Dynamic SLR effects on surge generation are significant for the Panama City area and cause total flood elevations to be poorly characterized as static SLR increases. These dynamic effects are greatly influenced by characteristics such as topographic gradients, coastline geometry, and other regional geographic features and will vary significantly depending on coastal location (e.g., Hagen and Bacopoulos 2012; Bilskie et al. 2014). Therefore, it is necessary to study the physical surge dynamics using computational models, for each unique coastal region, to inform SRF and SLR development.

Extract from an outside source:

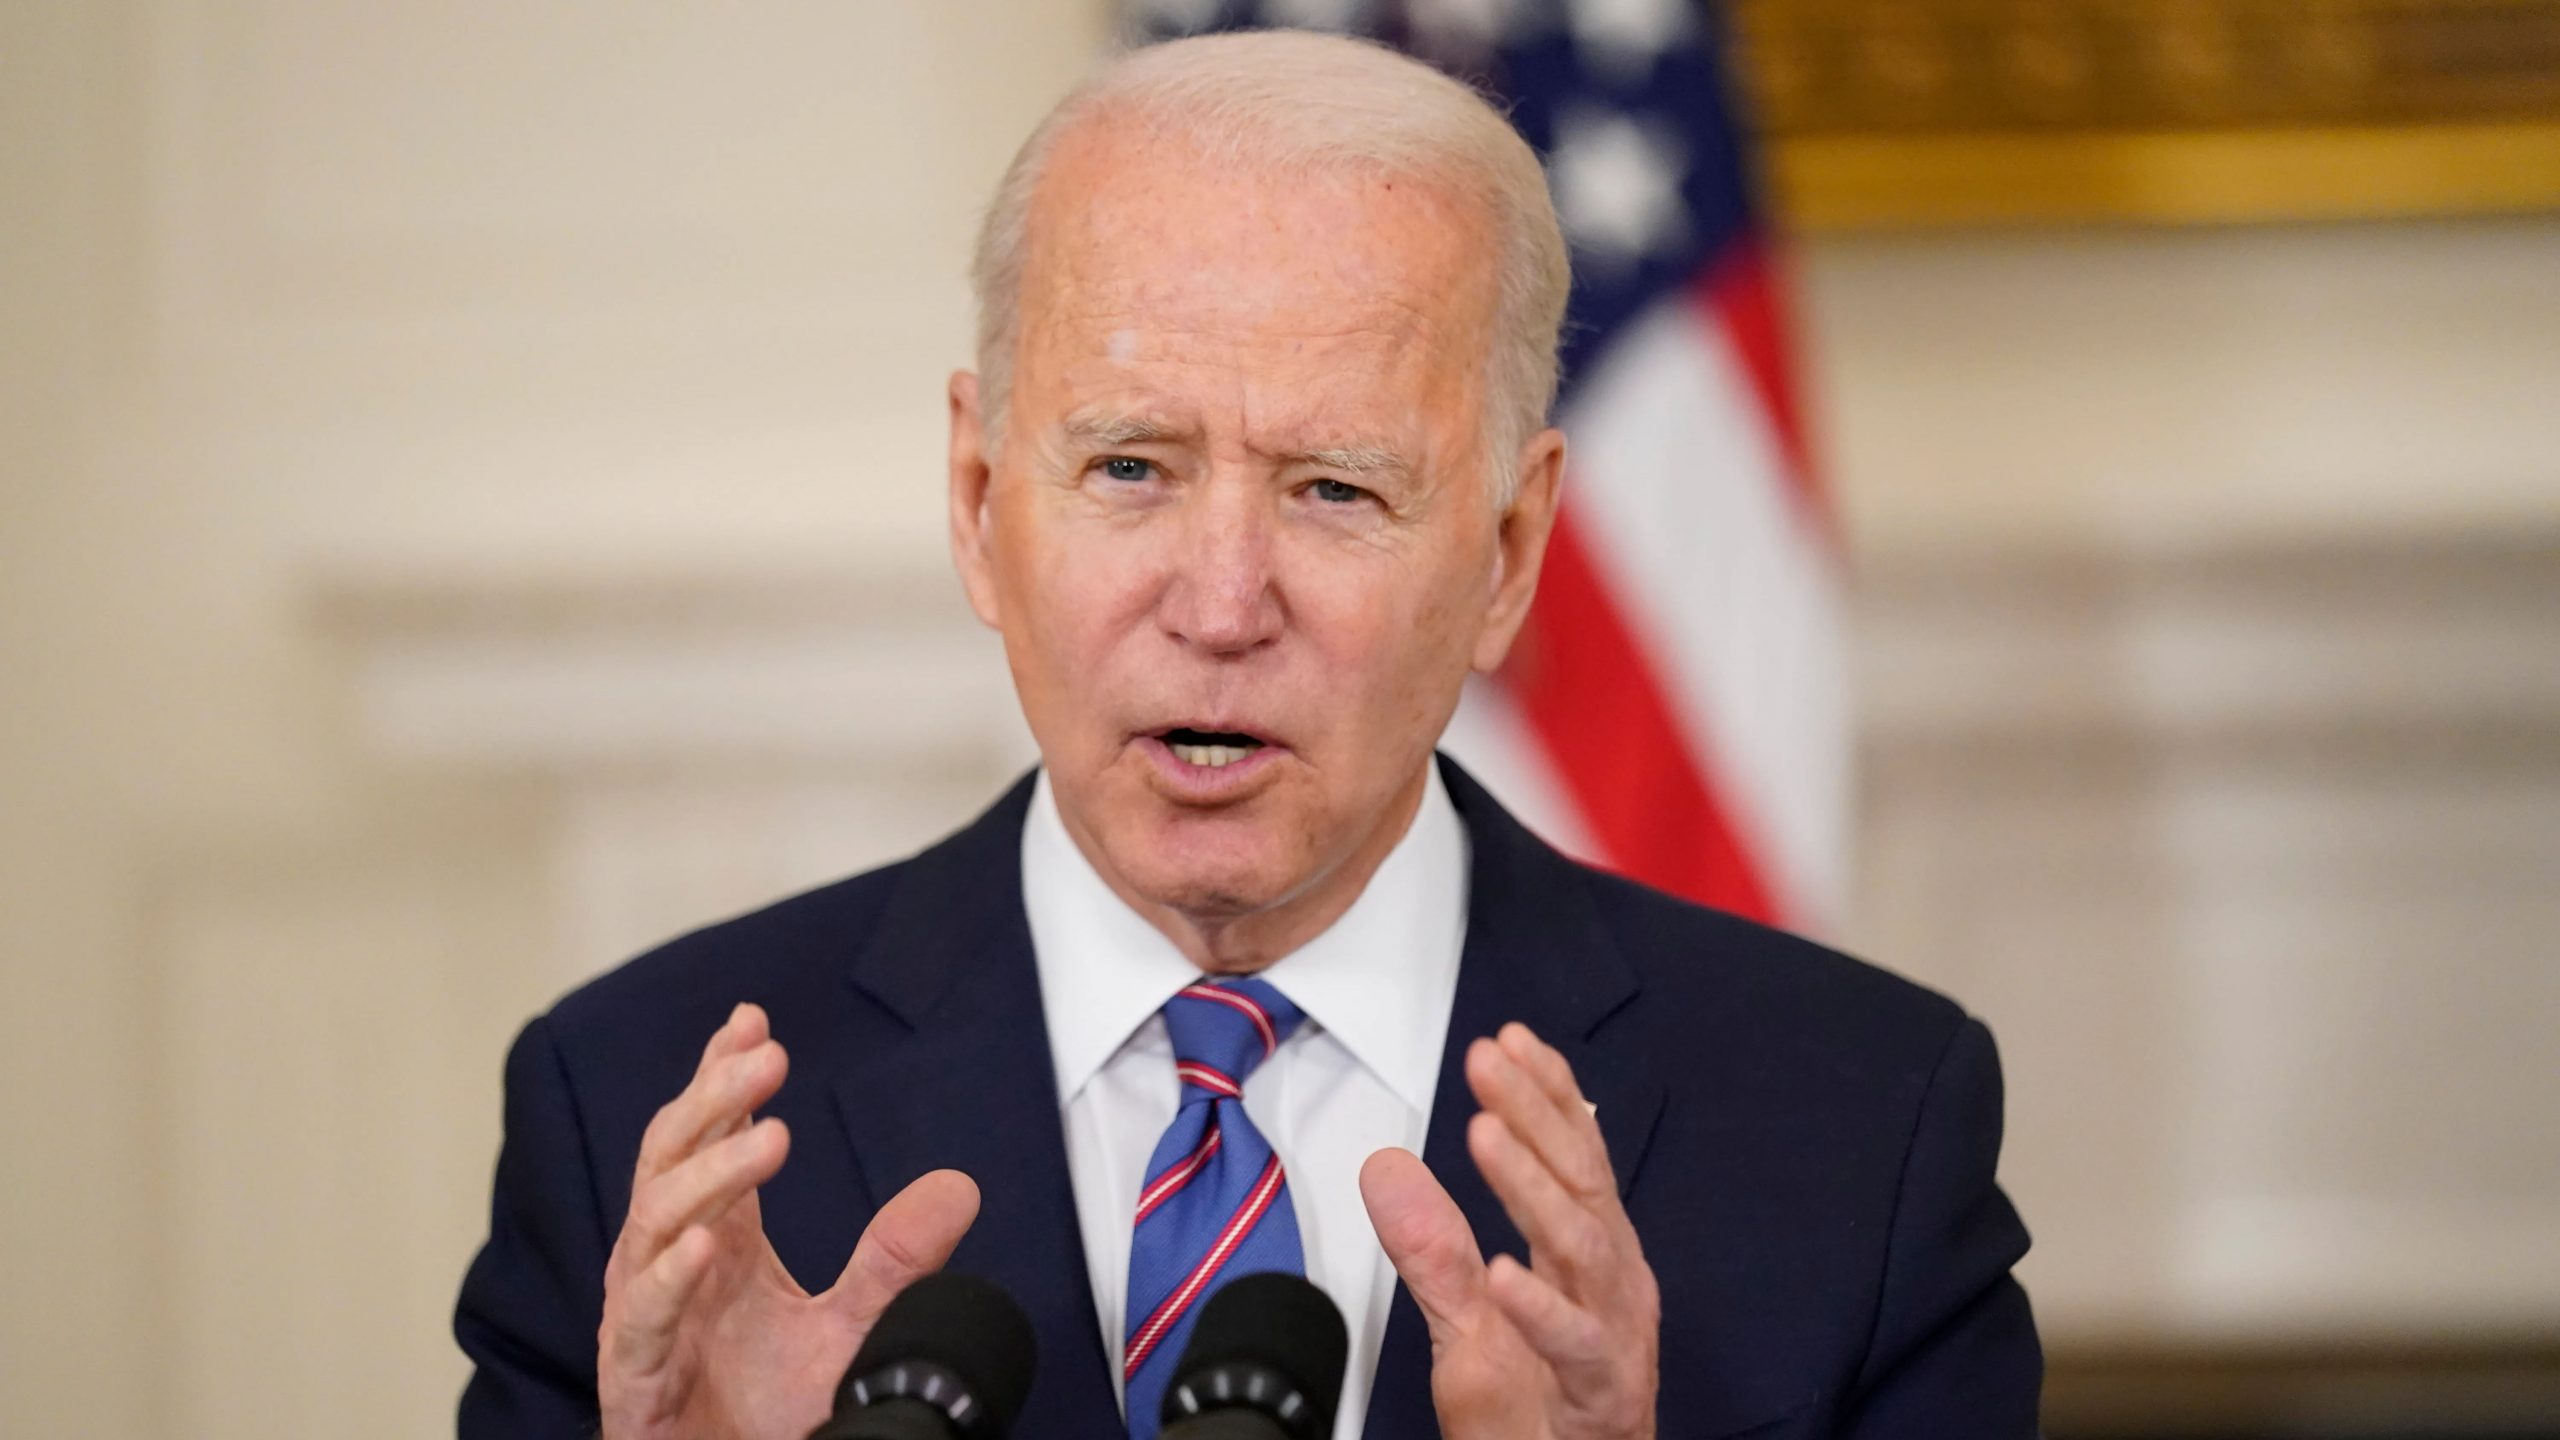 On refugee admission, Joe Biden’s last-minute change in plan
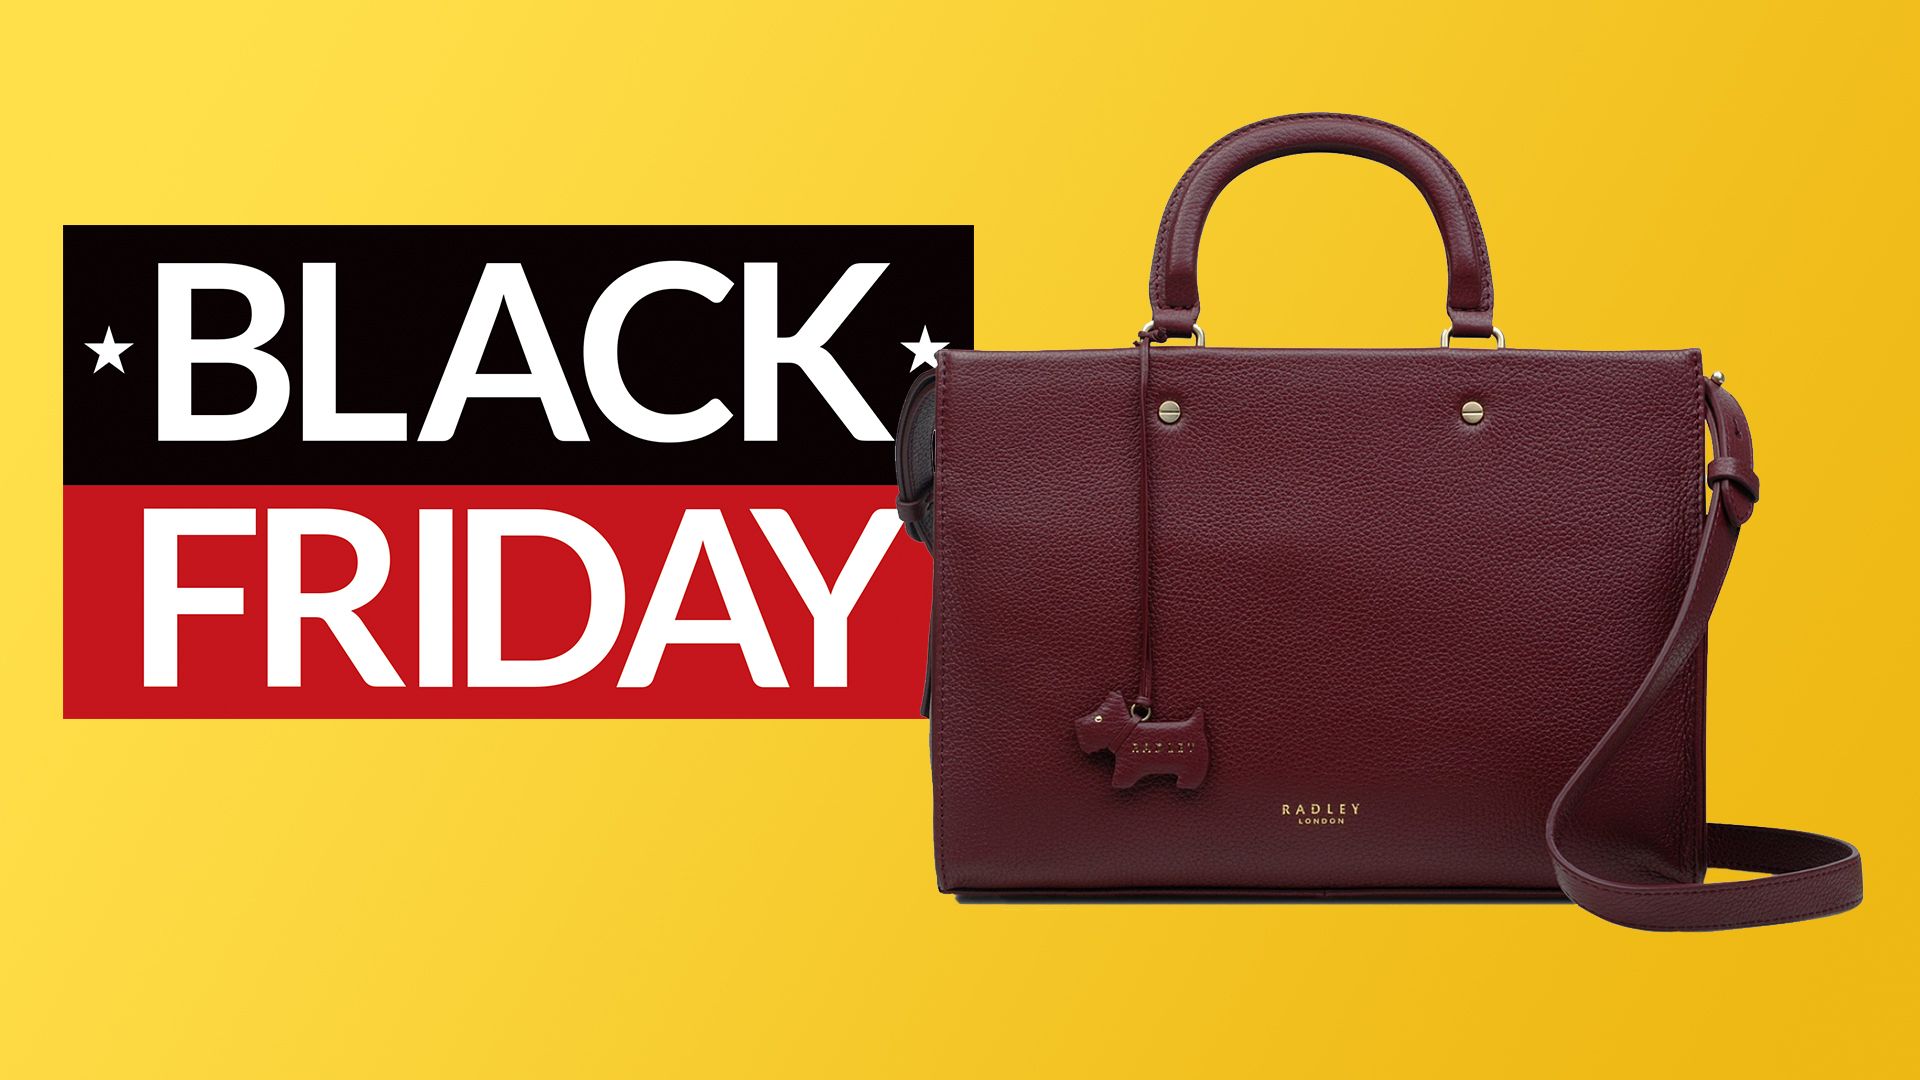 Black Friday handbags deal save up to 50 at Radley T3

JPM applications coupled with the SRF model presented here can be used to provide useful hazard assessments on a regional scale. By extending model development to bays, the geographic restrictions limiting JPM-OS applications coupled with SRFs to open coast locations have been removed. The developed linear SLR adjustments represent a straightforward means for improving future coastal flood hazard assessments when significant coastal erosion is not expected or predictions of future erosion are not available. Furthermore, the high-resolution coastline and bay shoreline at which SRFs were developed can be used by coastal planners and developers to create flood inundation maps, damage assessments, and other applications useful for surge hazard mitigation.